L’Ikebana nell’immaginario collettivo occidentale rappresenta semplicemente un’arte di composizione floreale. Ma in realtà l’Ikebana non si limita a questo. Come in ogni forma artistica nipponica, dalla pittura alla poesia, la storia e la cultura sono il fulcro e il soggetto dell’opera. L’Ikebana può essere visto come uno specchio nel quale è riflessa l’identità stessa dei giapponesi. Tramite il simbolismo vengono disposti nello spazio non solo fiori, ma in generale tutto ciò che è vegetale, dai semi ai frutti, dai rami alle foglie.
Per approfondire la conoscenza di questa magnifica espressione culturale giapponese, al Mudec di Milano è in corso la mostra Ikebana, l’arte dei fiori viventi, presentata dal Garden Club Milano e patrocinata dall’ambasciata giapponese in Italia e dal consolato giapponese di Milano.

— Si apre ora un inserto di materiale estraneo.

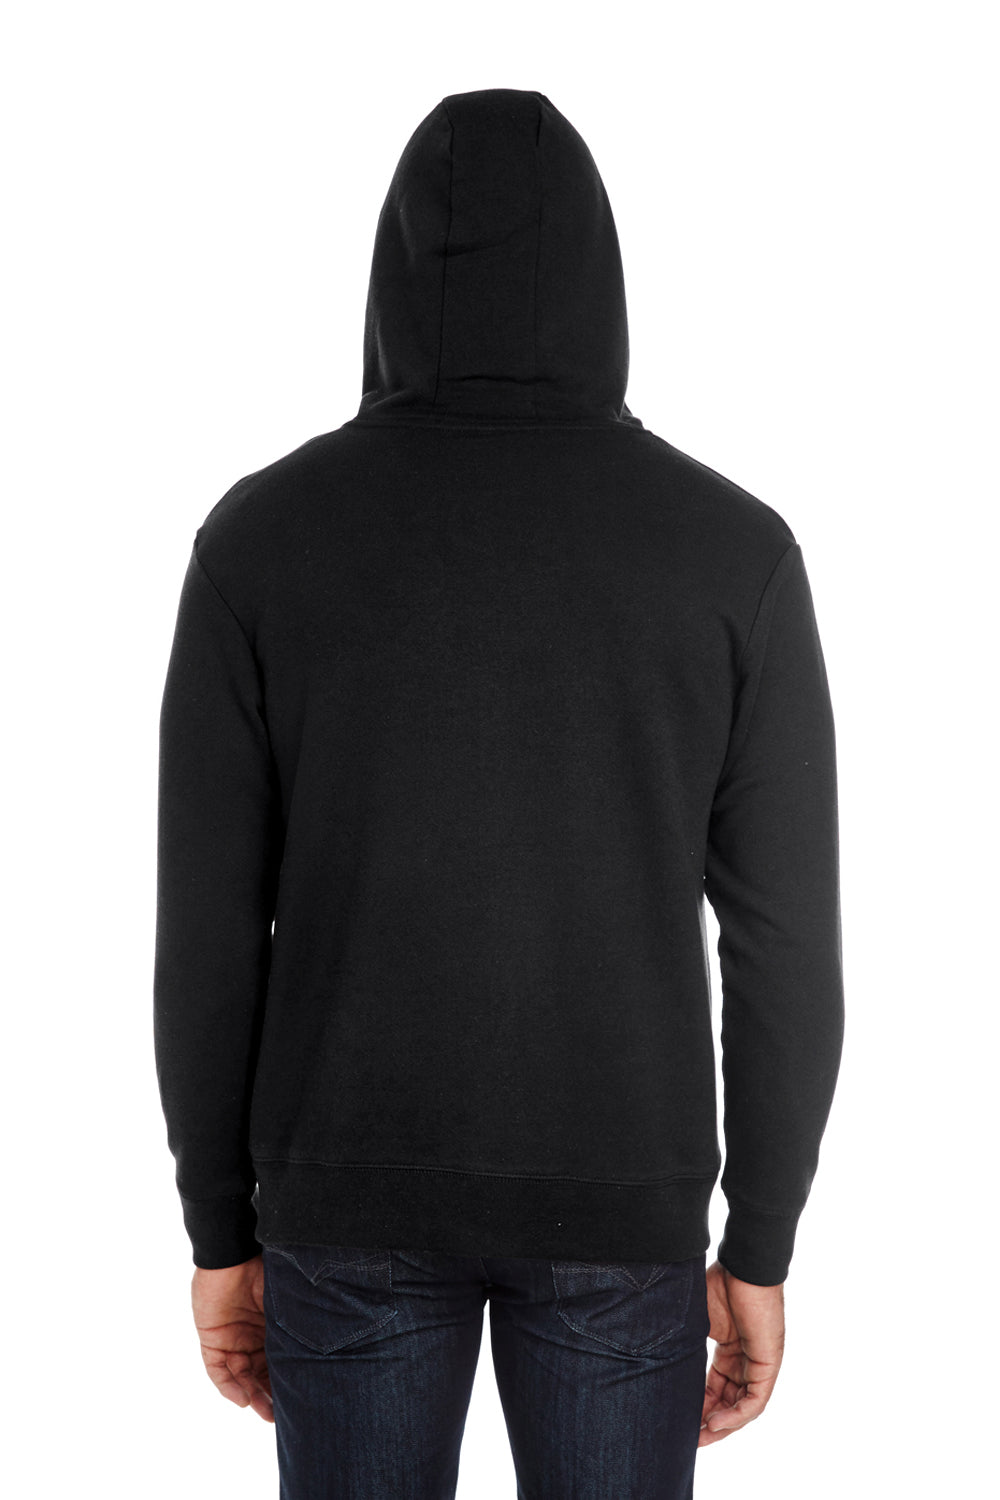 Threadfast Apparel 321Z Mens French Terry Full Zip Hooded Sweatshirt Hoodie Black Back
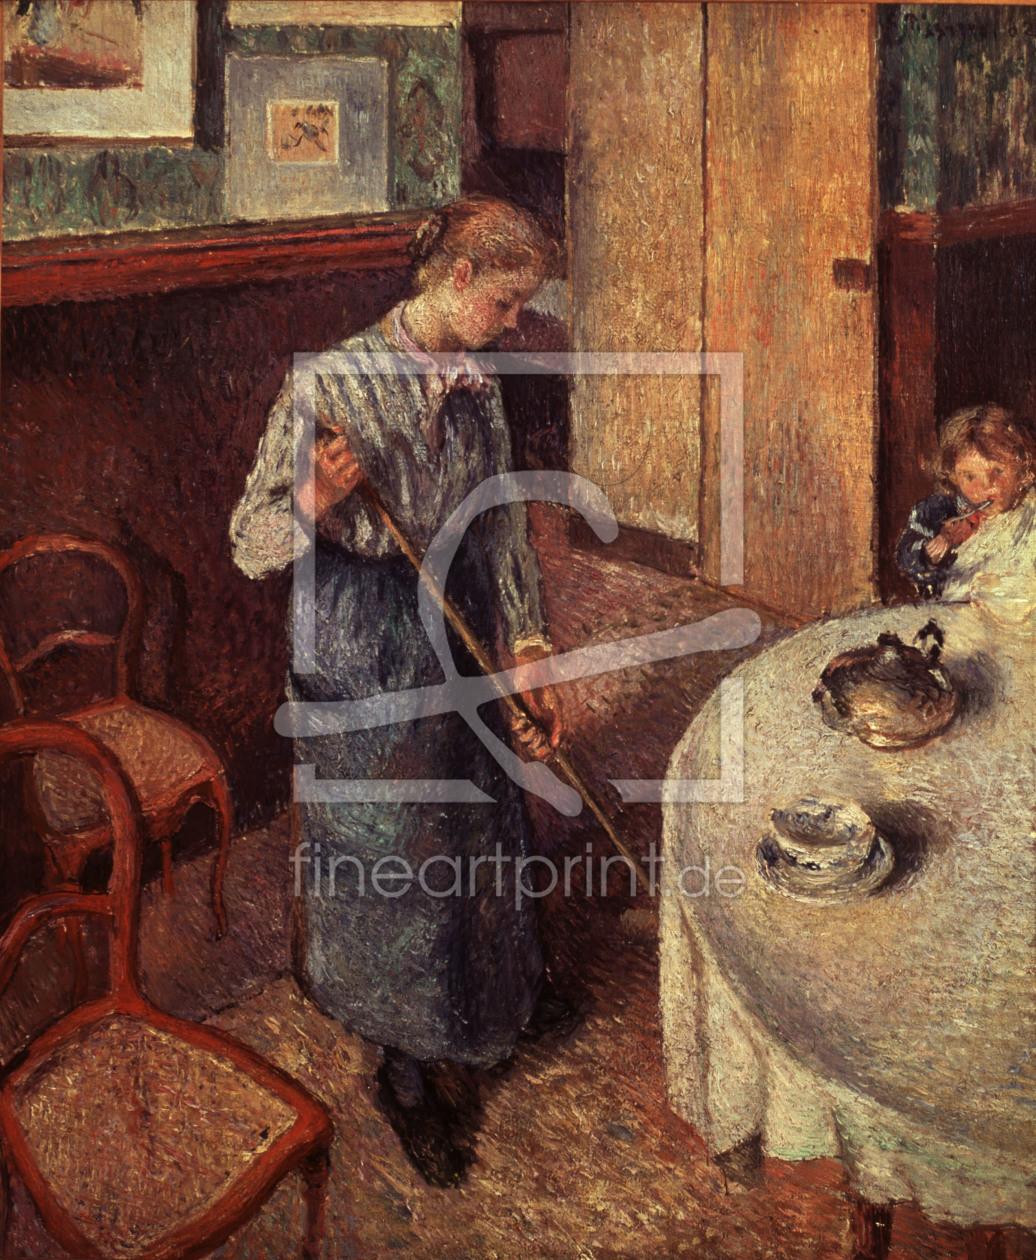 Bild-Nr.: 30006142 C.Pissarro / The Maid / 1882 erstellt von Pissarro, Camille

La comparsa dell’Ikebana risale al 1400, nel periodo in cui il potere politico del paese apparteneva alla classe guerriera. Le prime composizioni sono da attribuire ai monaci che venivano ricevuti dalle corti ed erano a scopo votivo. I vasi ornati da rami e foglie venivano posizionati nel Tokonoma, un’alcova rialzata nelle abitazioni considerata sacra. Queste prime composizioni si chiamano Rikka, dal giapponese “vegetali in piedi,” perché venivano create verticalmente come rappresentazione del monte sacro Sumeru. Successivamente si è diffusa in tutto il paese ed è penetrata negli strati della società più umili e anche con stili diversi, ma è rimasta per secoli una pratica sconosciuta al resto del mondo.
È solo a metà del 1800 che, con l’apertura forzata delle frontiere indotta dal commodoro americano Matthew Perry, il mondo venne a contatto con la cultura giapponese. Non conoscendo e non avendo i mezzi per comprendere la profondità delle composizioni di Ikebana, per lungo tempo quest’arte fu accomunata alla composizione floreale occidentale. Solo nel 1891, grazie a un libro dell’architetto britannico Conder Josiah, affiorarono le prime differenze. Asimmetria, simbolismo religioso, utilizzo attivo del vuoto e feng shui sono solo alcuni degli elementi che fanno parte della complessa arte che è l’Ikebana.
Nel corso del tempo sono stati creati nuovi stili compositivi, ma a differenza dell’arte occidentale nella quale il nuovo soppianta il vecchio, nell’Ikebana ogni stile mantiene la propria importanza e viene tramandato. E proprio con questo fondamento che la tradizione continua ad essere insegnate nelle varie scuole ikebaniste, nonostante l’occidentalizzazione e la globalizzazione tendano a spingere gli avanguardisti su nuove strade. Grazie quindi all’influenza occidentale, soprattutto americana, che per quasi mezzo secolo ha permeato la società giapponese, intorno al 1930 nascono le scuole contemporanee e i loro stili rompono con le regole del passato. Al centro della composizione vi è l’individualità dell’ikebanista che esprime se stesso.
Nella mostra in corso al Mudec, oltre a poter ammirare le composizioni di Ikebana, è possibile osservare libri, vasi e strumenti sia antichi che moderni tratti dalla collezione del museo normalmente non esposta e da collezioni private. La mostra rimarrà aperta fino al 30 ottobre 2016 e avranno luogo due eventi a cura del Chapter Ikebana Ohara di Milano: una dimostrazione pubblica con creazioni originali di Ikebana, intitolata “Le basi e l’arte dell’Ikebana,” mercoledì 26 ottobre alle ore 18; una conferenza pubblica intitolata “L’Ikebana, arte tradizionale giapponese.”